Data shown:
──────

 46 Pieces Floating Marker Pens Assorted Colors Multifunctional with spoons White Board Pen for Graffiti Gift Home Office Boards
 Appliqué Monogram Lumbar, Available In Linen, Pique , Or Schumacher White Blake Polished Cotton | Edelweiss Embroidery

──────

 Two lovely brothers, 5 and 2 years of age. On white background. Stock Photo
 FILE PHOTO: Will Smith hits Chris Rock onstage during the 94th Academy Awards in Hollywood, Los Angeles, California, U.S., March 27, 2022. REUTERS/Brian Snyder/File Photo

──────

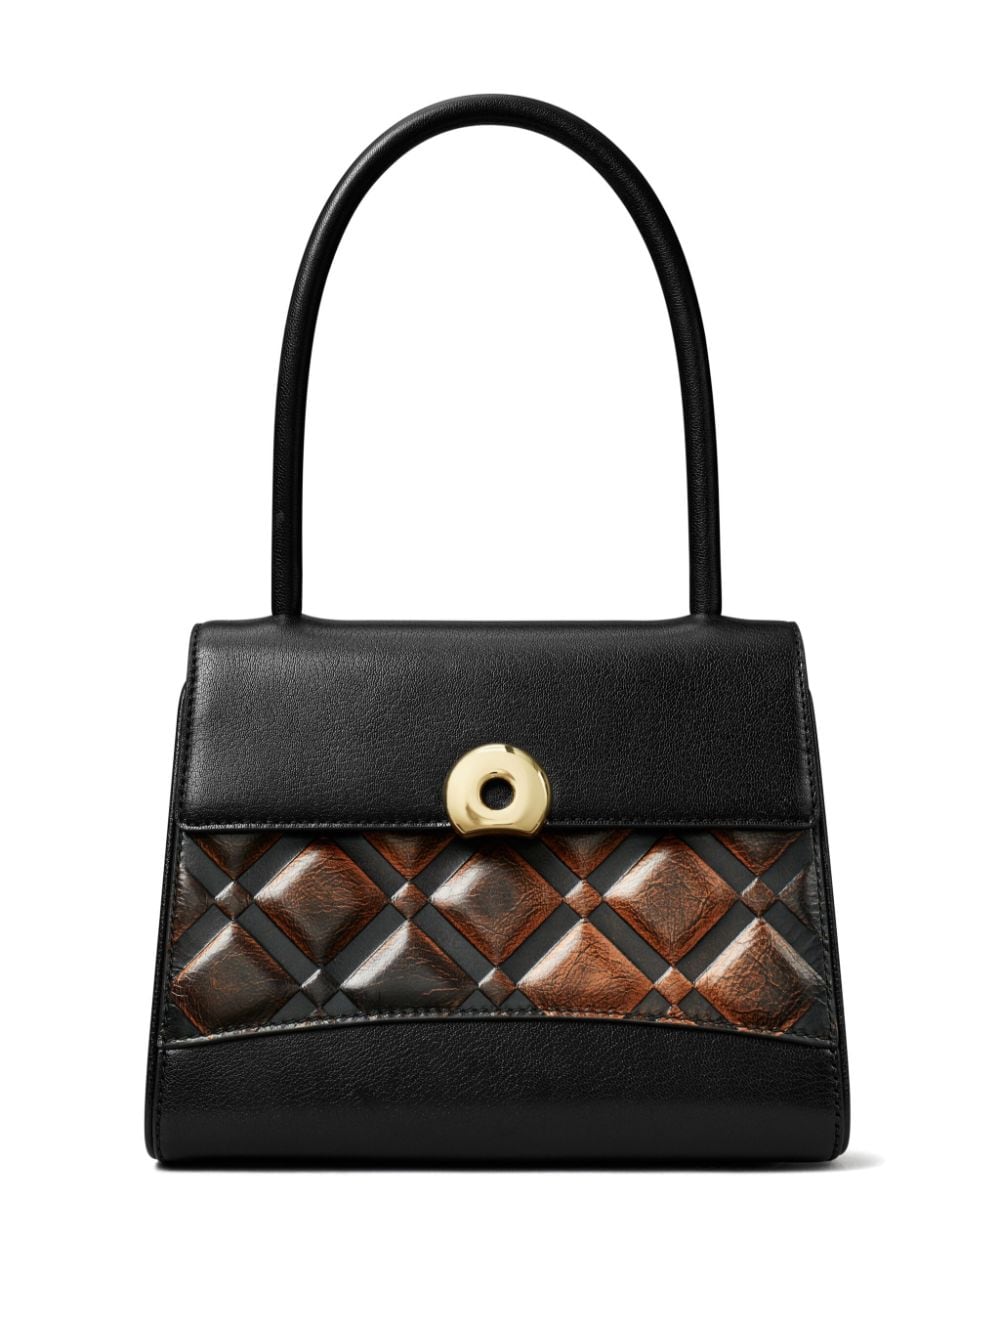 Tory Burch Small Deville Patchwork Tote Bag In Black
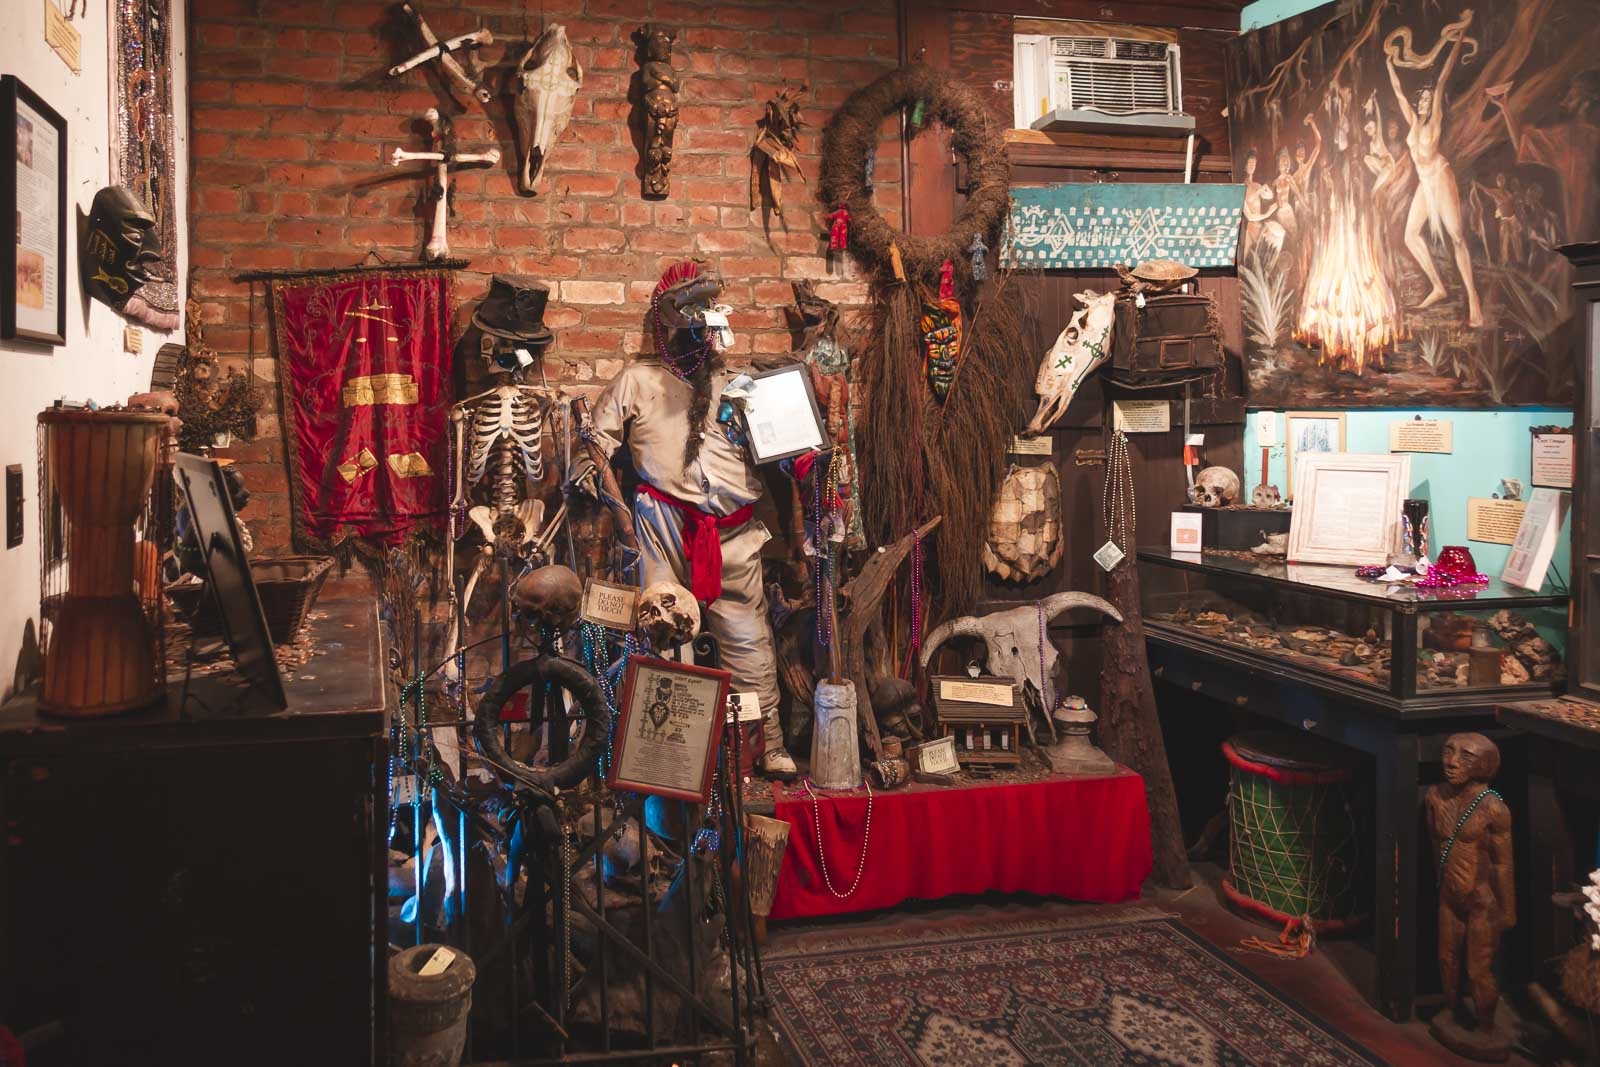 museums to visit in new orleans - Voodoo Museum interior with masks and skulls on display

──────

From the records above, transcribe exactly the run of lines that opens with the line holding "46 Pieces Floating" and closes with the line holding "Appliqué Monogram Lumbar, Available", both included.

 46 Pieces Floating Marker Pens Assorted Colors Multifunctional with spoons White Board Pen for Graffiti Gift Home Office Boards
 Appliqué Monogram Lumbar, Available In Linen, Pique , Or Schumacher White Blake Polished Cotton | Edelweiss Embroidery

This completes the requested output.